CHP'li İBB Başkanı Ekrem İmamoğlu'nun yargılanmasında yeni gelişme: Savunmasını yaptı
CHP'li İBB Başkanı Ekrem İmamoğlu’nun Yüksek Seçim Kurulu üyelerine ‘Alenen hakaret’ suçu kapsamında 4 yıl 1 ay hapis cezası istemiyle yargılandığı davanın ara duruşması bugün gerçekleşti. Duruşmadaki savunmasında İmamoğlu, ‘Ahmak’ kelimesiyle YSK üyelerine değil, bizzat İçişleri Bakanı Süleyman Soylu’yu kastettiğini belirterek ‘Muhattabım siyasi kişiliklerdir. YSK üyelerine karşı olumsuz bir tavrım olamaz’ diyerek beraatini talep etti.

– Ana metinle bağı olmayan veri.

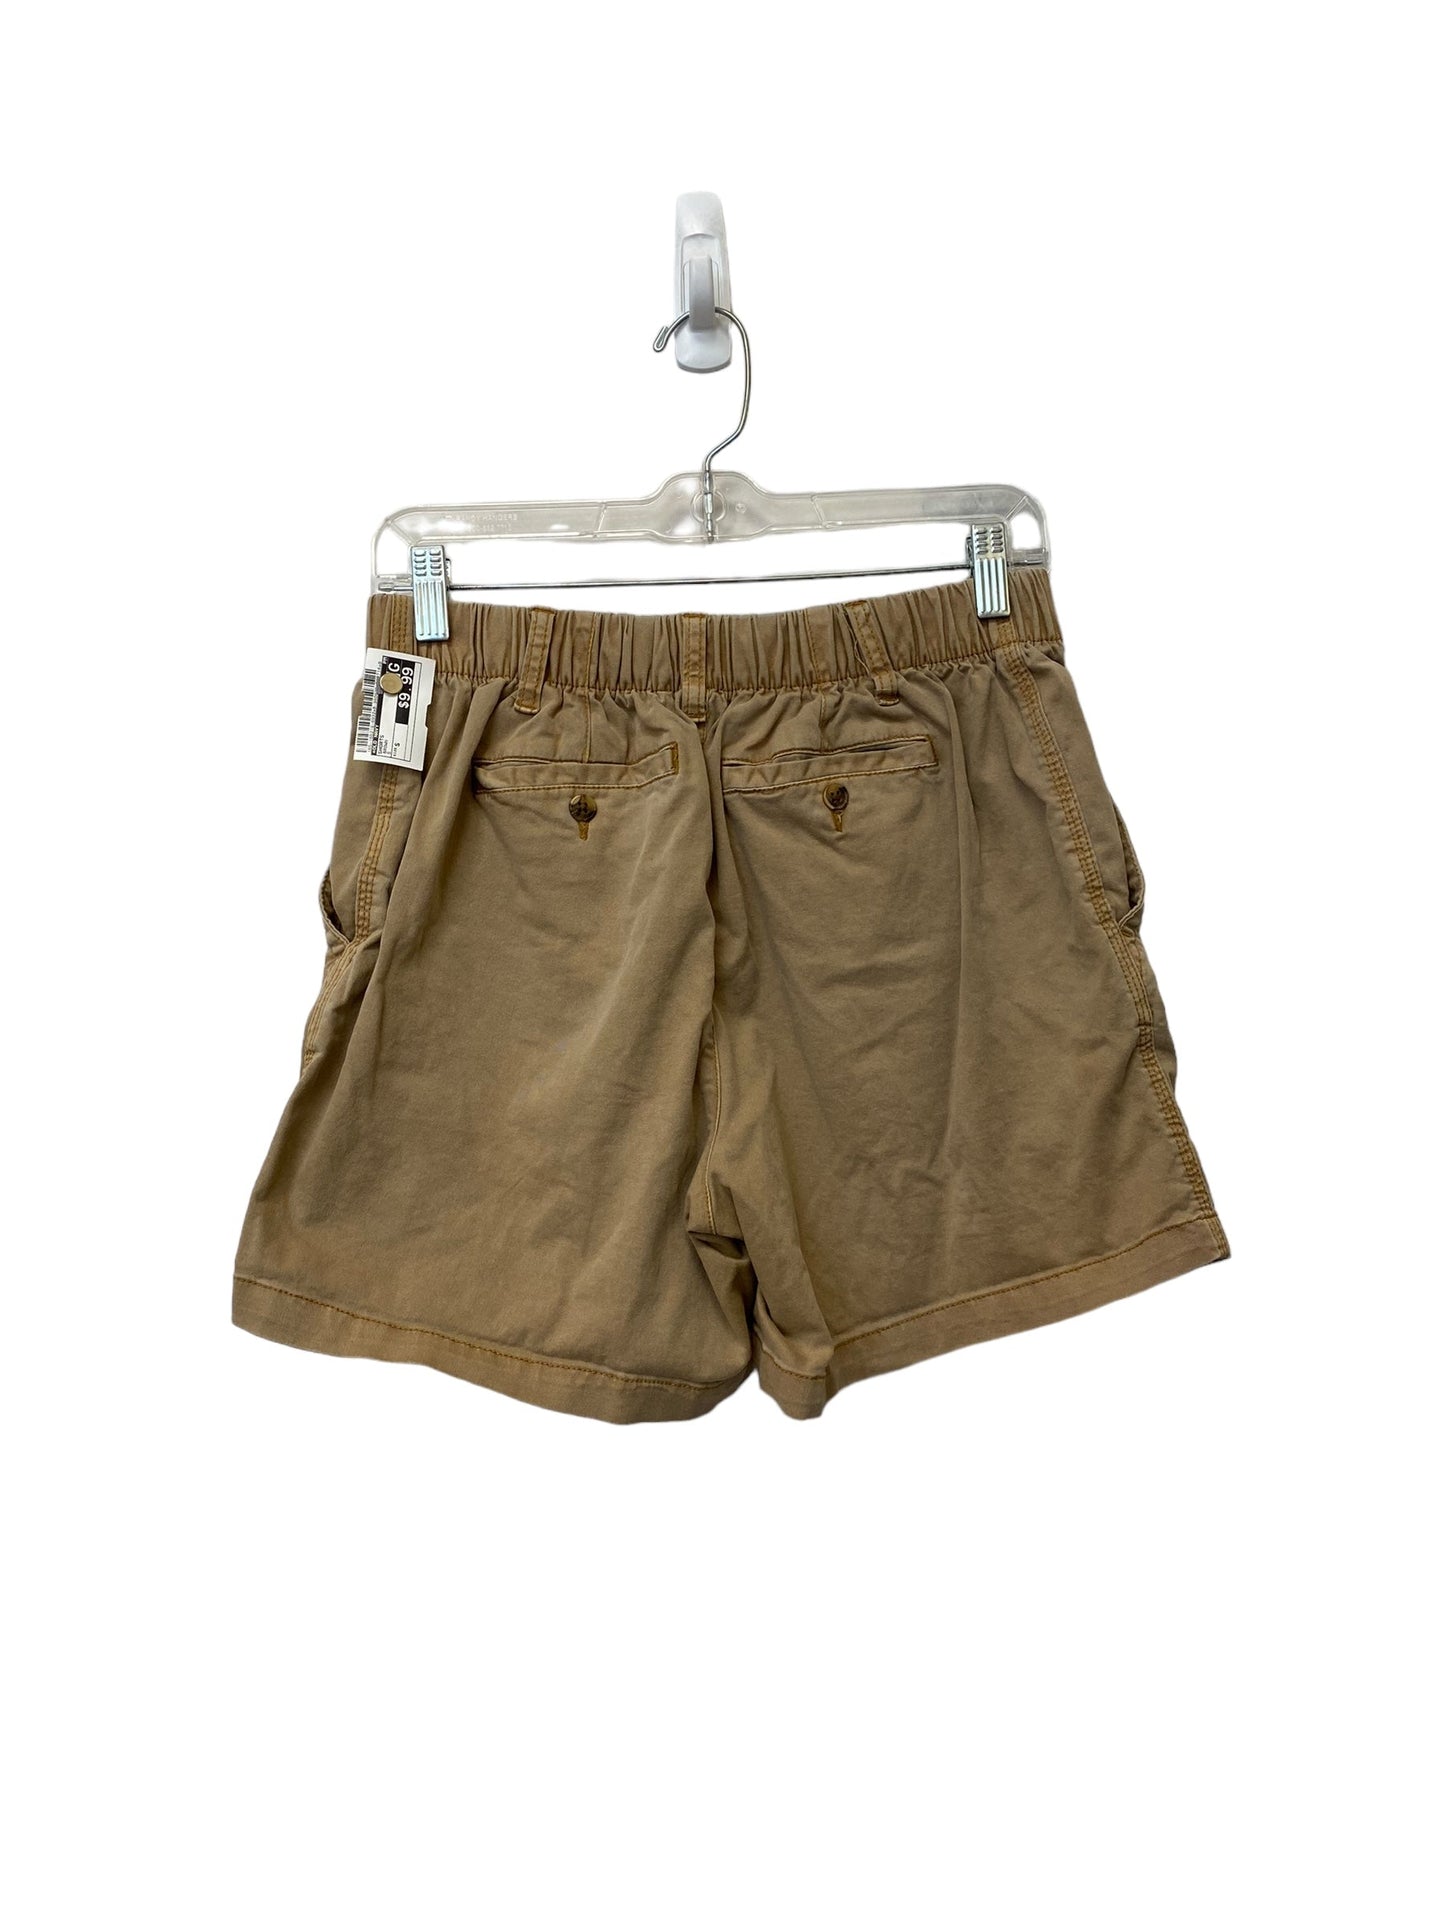 Brown Shorts Old Navy, Size S

İstanbul Büyükşehir Belediye Başkanı olan şüpheli Ekrem İmamoğlu hakkında 4 Kasım 2019 tarihinde Üsküdar Fethipaşa Korusu'nda basın mensuplarına yaptığı açıklamalar sırasında '31 Mart'ta seçimi iptal edenler ve dünyada, Avrupa'da onların gözünde nereye düştüğümüz noktasında, o olan şeylere, biten şeylere baktığımızda, tam da işte 31 Mart'ta seçimi iptal edenler ahmaktır…' şeklindeki söyleme YSK üyelerine alenen hakaret ettiği iddiasıyla 'Kurul halinde çalışan kamu görevlilerine karşı görevlerinden dolayı alenen hakaret' suçundan 4 yıl 1 aya kadar hapis cezası istemiyle dava açılmıştı.
İLK CELSEDE MAZERET SUNMUŞTU
Davanın 9 Kasım 2021 tarihindeki ilk celsesine sanık Ekrem İmamoğlu katılmazken sanık avukatı mazeret sunarak 'Müveklilim yapmış olduğu belediye başkanlığı görevi nedeniyle program değişikliği sebebiyle duruşmada hazır olamadı' şeklinde konuşmuştu.

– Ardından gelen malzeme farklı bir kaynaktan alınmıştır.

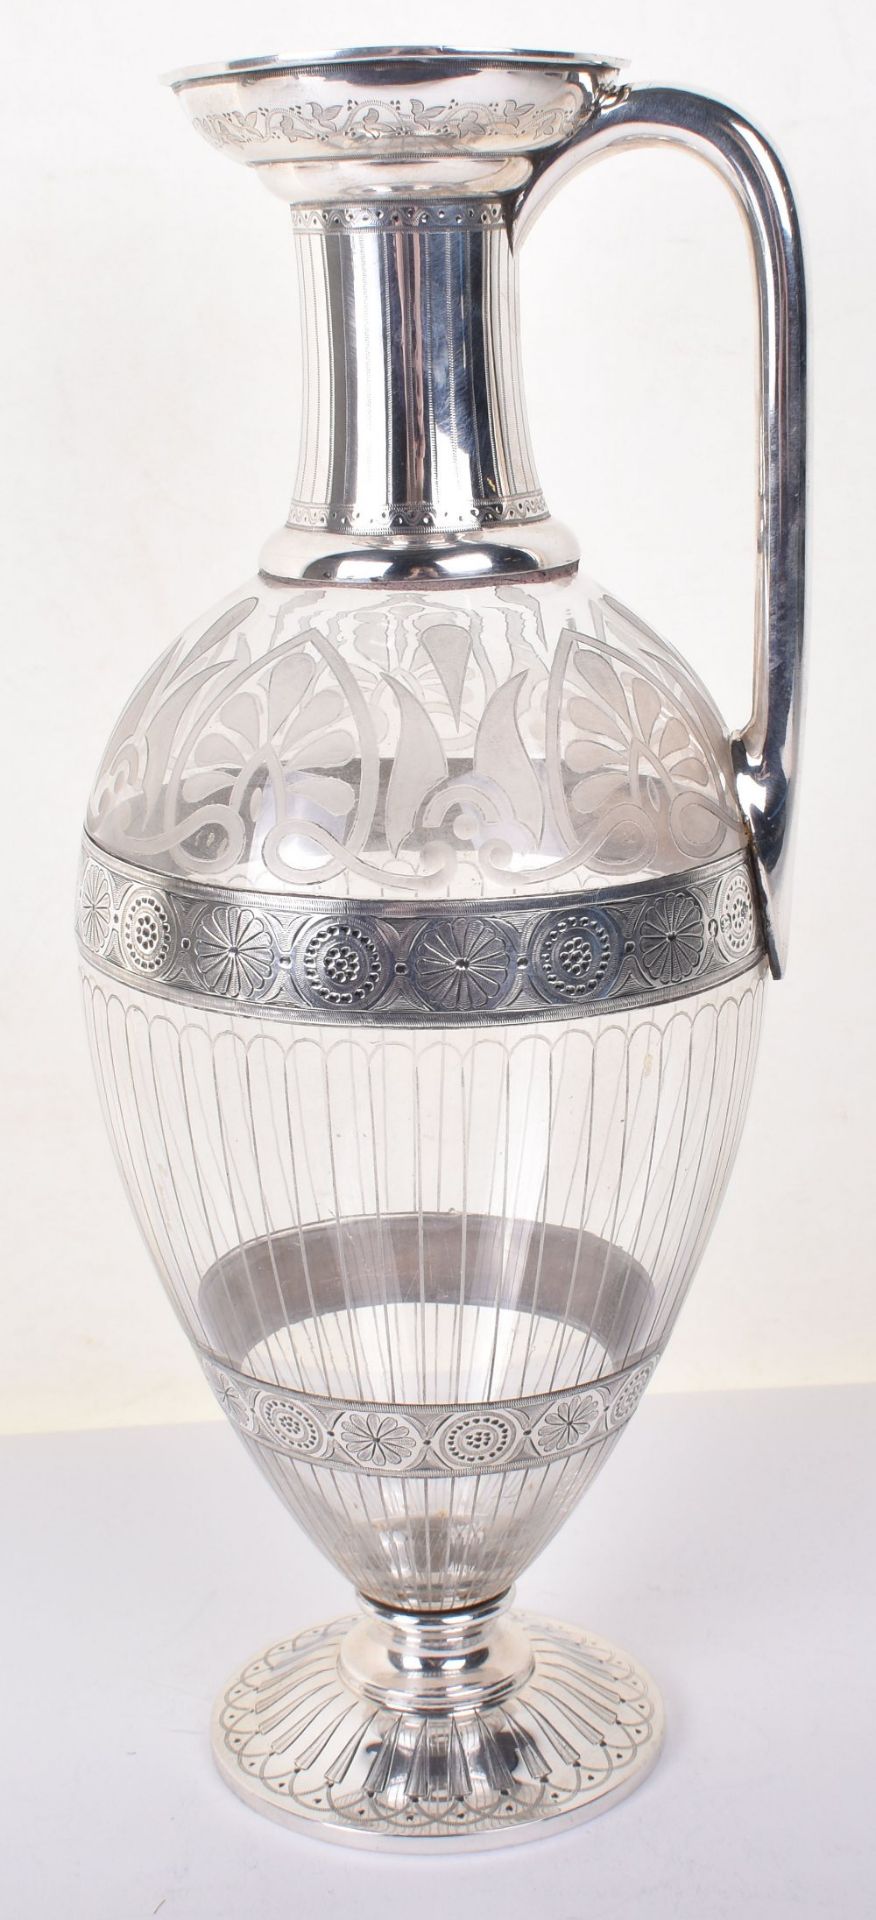 A Victorian silver and glass claret jug, by Barnard Bros, London 1874 - Image 2 of 8

ARA DURUŞMADA İFADE VERECEK
İstanbul Anadolu 7. Asliye Ceza Mahkemesi'nde görülen davanın ara duruşması bugün görüldü. Sanık Ekrem İmamoğlu, ifade vermek amacıyla saat 11.00 sıralarında İstanbul Anadolu Adliyesi'ne gelerek ara duruşmaya katıldı.

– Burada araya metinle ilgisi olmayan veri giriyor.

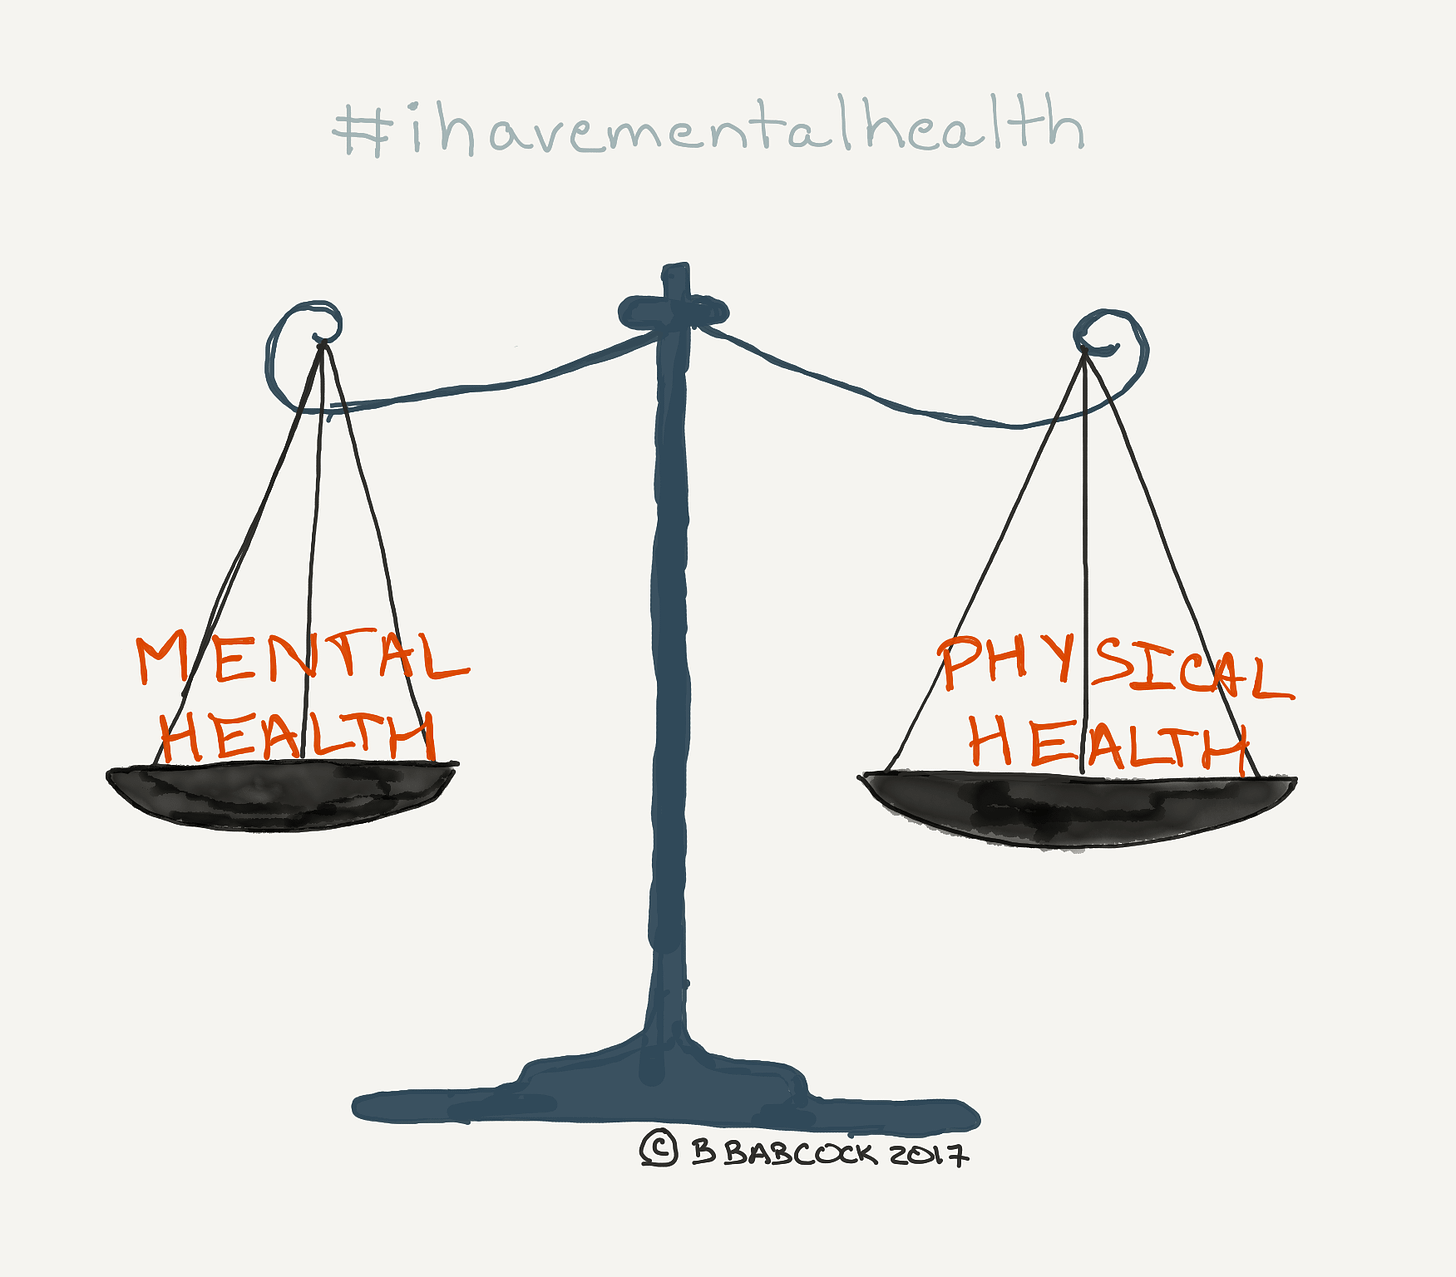 Why your mental health is important when living with chronic illness  #ihavementalhealth

'İÇİŞLERİ BAKANI ŞAHSIMA HAKARET ETMİŞTİR'
Duruşmada savunmasını yapan sanık İmamoğlu, 'Bana sorulan bir soru üzerine cevap hakkımı kullandım. Bana kullanılan Ahmak kelimesine karşılık olarak kullandım. Muhattabı da İçişleri Bakanıdır. Bakan şahsıma yönelik bu ifadeleri birçok kez kullanmıştır, hala da kullanmaktadır. Seçim aşamasında da bu tarz kelimeler kullanmıştır. Siyasi gücü elimde bulunan kimlikler olarak baskıcı tavırlarını televizyon programlarında kullanmıştır.' dedi.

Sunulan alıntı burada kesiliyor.